Damned tasty, infinitely versatile, globally and culturally diverse, not to mention inherently comedic (used to full effect by Ben Elton and Richard Curtis in Blackadder, see below) – you just have to love the sausage.
[Whizz forward to the five-minute mark if you’re short on time. Sausage? SAUSAGE?! Genius]
As a species we have probably been making sausages for as long as we’ve been roasting meat over the flames. Once appetites had been sated with charred primary cuts, it was found that meat could be preserved in a variety of ways: Drying, smoking, curing or grinding up and packing into lengths of intestine.
As such, sausages are believed to be some of the oldest prepared foods in existence.
Techniques may have improved in the intervening millennia but the principle remains the same: sausages are about economising and preserving – and finding a tasty way of doing it, to boot.
There are so many varieties and variations that it would be foolhardy to attempt to discuss them all within the meagre confines of a Friday Nibble. Perhaps a book is in order? Hmmmm. Alternatively, for a slightly shorter take on the subject, see this list of the top ten sausages, according to Askmen.com
Think about the difference between a dark, fragrantly spiced black pudding and the smoky notes of a frankfurter, or the paprika hit of a morsel of fried chorizo compared to the delicate flavour of a Bavarian Weisswurst and you start to get the idea.
In Britain, sausages are virtually a national dish. During the war the meagre amounts of meat were padded out with rusk and water, which then boiled inside the casing before the steam burst through in a mini-explosion. This led to them being christened ‘bangers’ – a moniker that has stuck.

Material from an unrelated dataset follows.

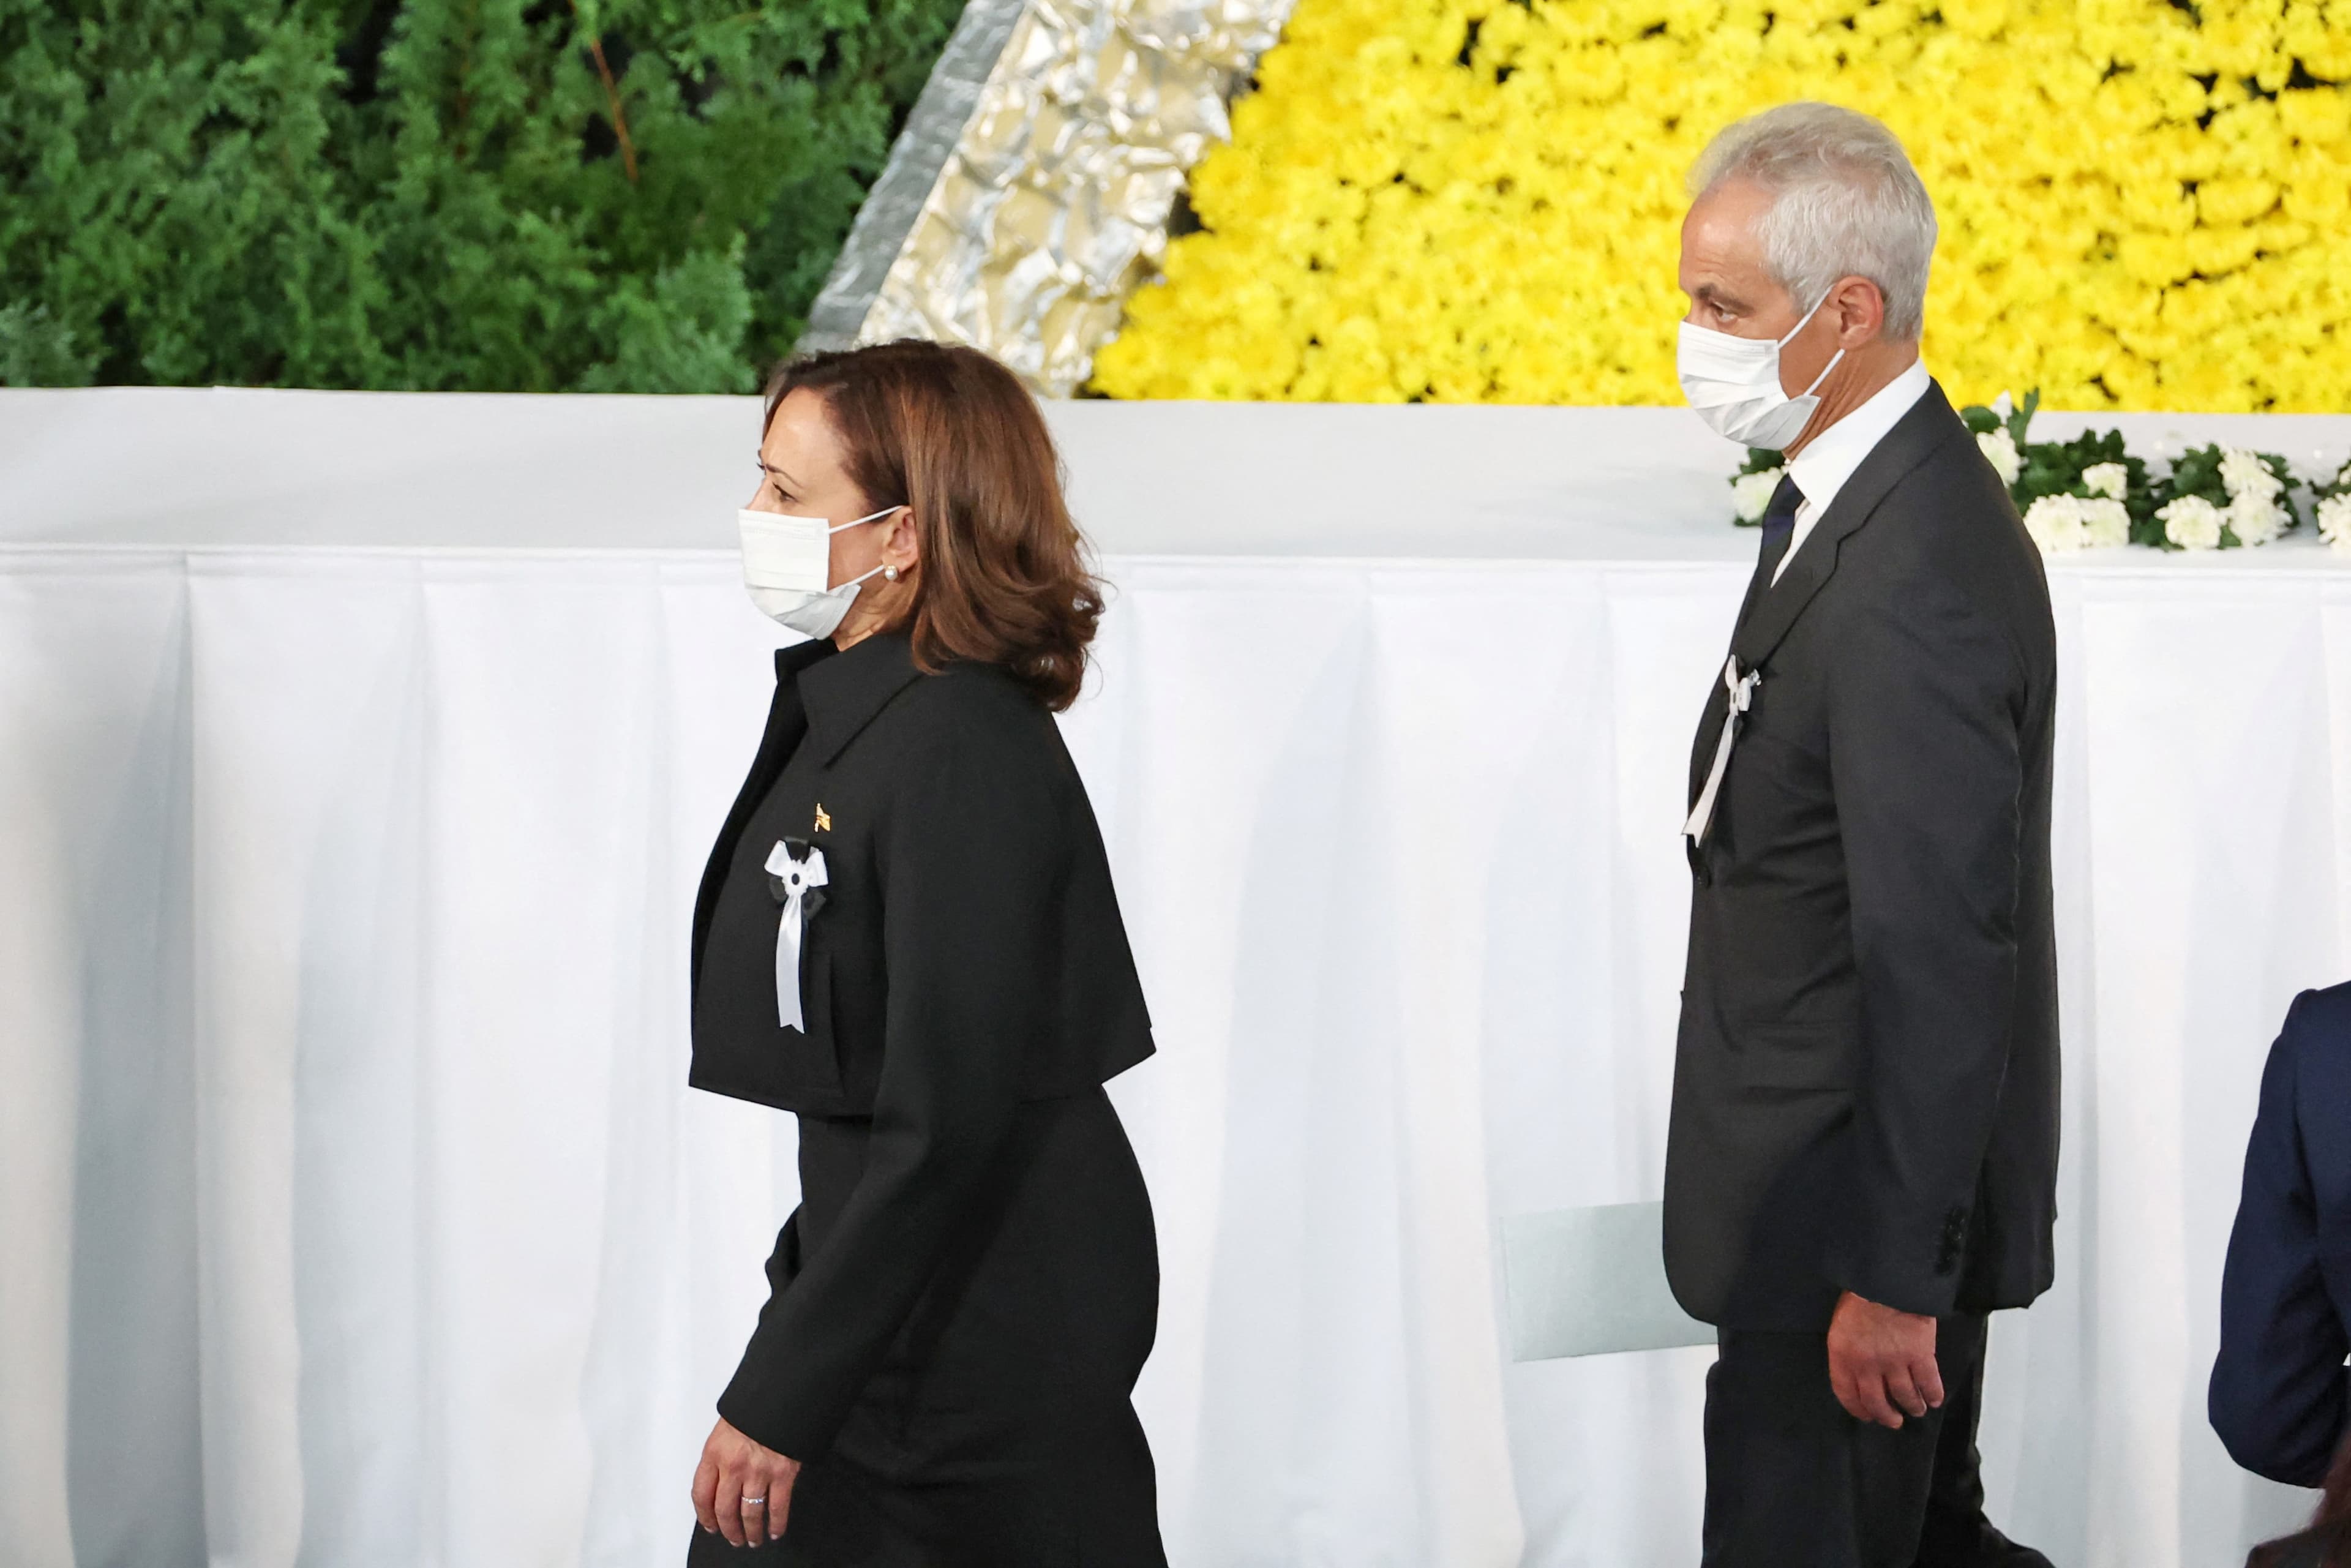 Shinzo Abe State Funeral: US Vice President, Kamala Harris, and U.S. Ambassador to Japan, Rahm Emanuel, pay their respects during the state funeral for Japan's former prime minister Shinzo Abe. (Reuters)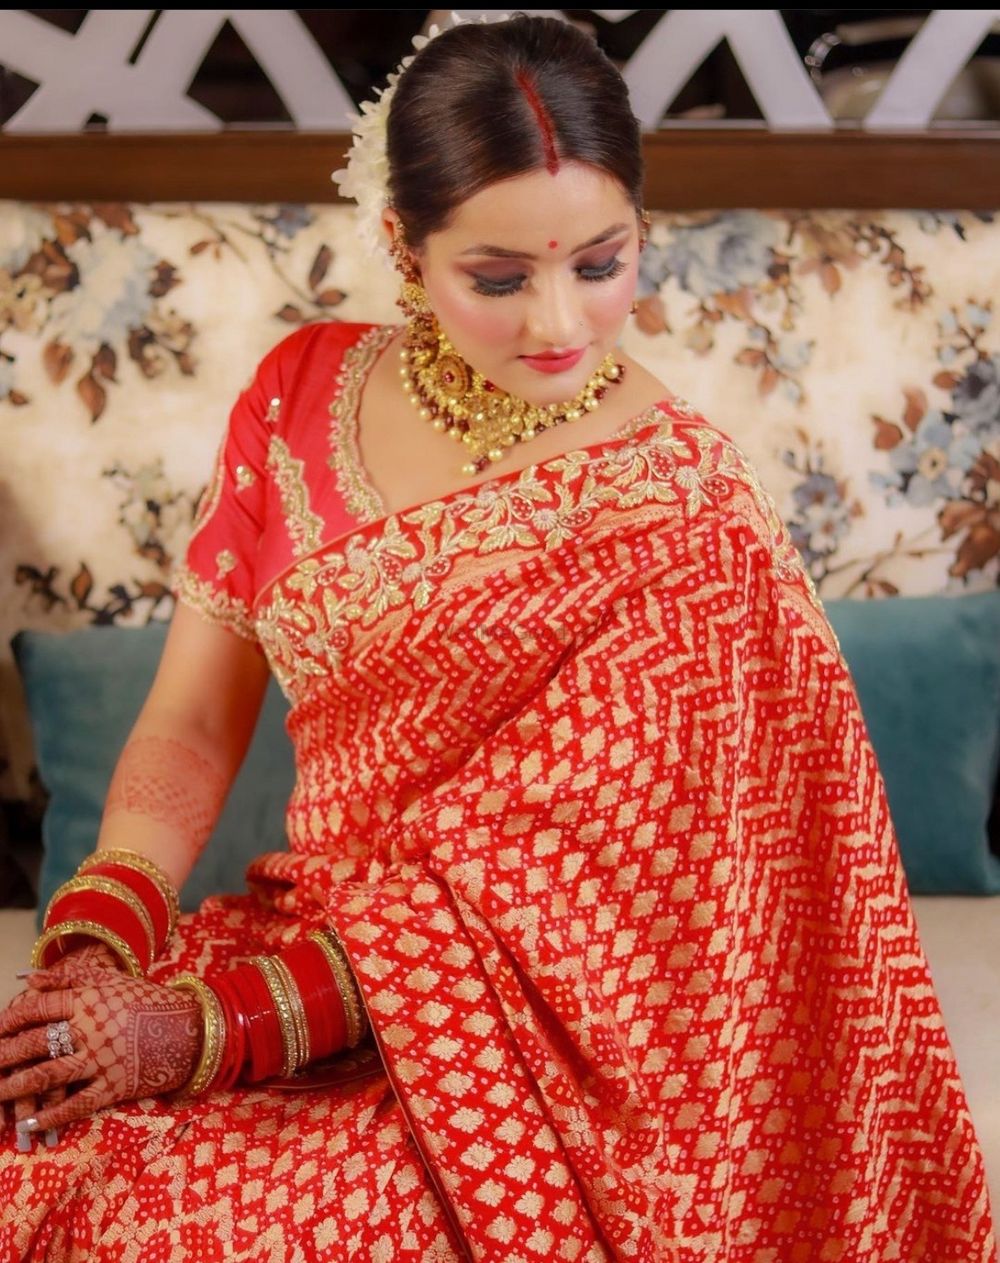 Photo From "Bridal Beauty" X Aanchal - By Alka Kohli Makeovers

The somewhat ambiguous ingredients list present on many sausages has given them some bad press recently with unscrupulous manufacturers bending the rules as far as possible in order to make a cheap product. But there are some seriously gourmet sausages out there and is well worth spending a few extra pence to enjoy the very best.
Sometimes they are best fried or grilled and sandwiched between two slices of bread or wedged into a steaming pile of buttery mash, topped with sticky onion gravy. But to assume that is all they are good for is to do them a great disservice.
For many culinary cultures, a variation on the classic sausage and beans is a virtual staple. It is cheap, it is tasty, it is nutritious, it makes the most of the local produce and is incredibly easy to cook. I particularly like the Umbrian version made with boar sausages and dark Italian lentils.
But my favourite take on this dish has to be cassoulet, a meal I spend a great deal of time talking about, writing about, cooking and eating.
This dish from southern France, like many versions of the combination, is hearty and cheap, what many might refer to as ‘peasant food’. Far from being a derisory and patronising term, for me ‘peasant food’ conjures up images of tasty meals that offer the best possible flavour of an area. Peasant food is something to be embraced and enjoyed.
I’ve made many different versions of cassoulet, every one of them different but each enjoyable in their own right. This one, whilst it may lack the confit duck and pork belly, is simple, rustic and cheap. Slow food at its finest.
Six good quality pork sausages, Toulouse if you can get them
500g of dried haricot beans
Four large onions, two finely chopped
Two bay leaves
Two cloves of garlic
50g of goose or chicken fat
Two tins of plum tomatoes, drained and the tomatoes blitzed in a food processor
500ml of pork stock
A large, heavy bottomed casserole
Salt and pepper
Soak the beans overnight. Drain them, tip them into a large pan and cover with cold water. Add two of the onions, peeled and quartered through the stem so they stay together. Tuck the bay leaves into the mass of beans (a great tip for getting flavour into all orts of pulses)and then simmer for about an hour until cooked. Don’t add any salt until the beans are almost done – about fifteen minutes to go – or they will toughen up. Drain the beans and discard the onions and bay leaves. They've done their work.
Spoon half the goose or chicken fat into the casserole and put on a high heat. Brown the sasuages on all sides, but don’t cook them, then place on a waiting plate. Turn down the heat and gently fry off the onion in the remaining fat. When the onion is cooked add the garlic, return the sausages to the pan and add the tomatoes. Season generously with salt and pepper.
Tip in almost all the beans and mix them in. Save a few handfuls for the top. Layer these on the top of the sausage and bean mix (see photo above) and put into a warm oven (about 150) for an hour.
After an hour the top layer should be crunchy. Stir this into the mix and poke seven or eight holes in the top of the cassoulet all the way to the bottom of the pan. The wrong end of a wooden spoon is ideal for this. Pour the stock into the holes and over the top of the dish. Return to the oven for a further hour.
Let it cool for ten minutes, serve with a ballsy red wine and eat far too much. Delicious.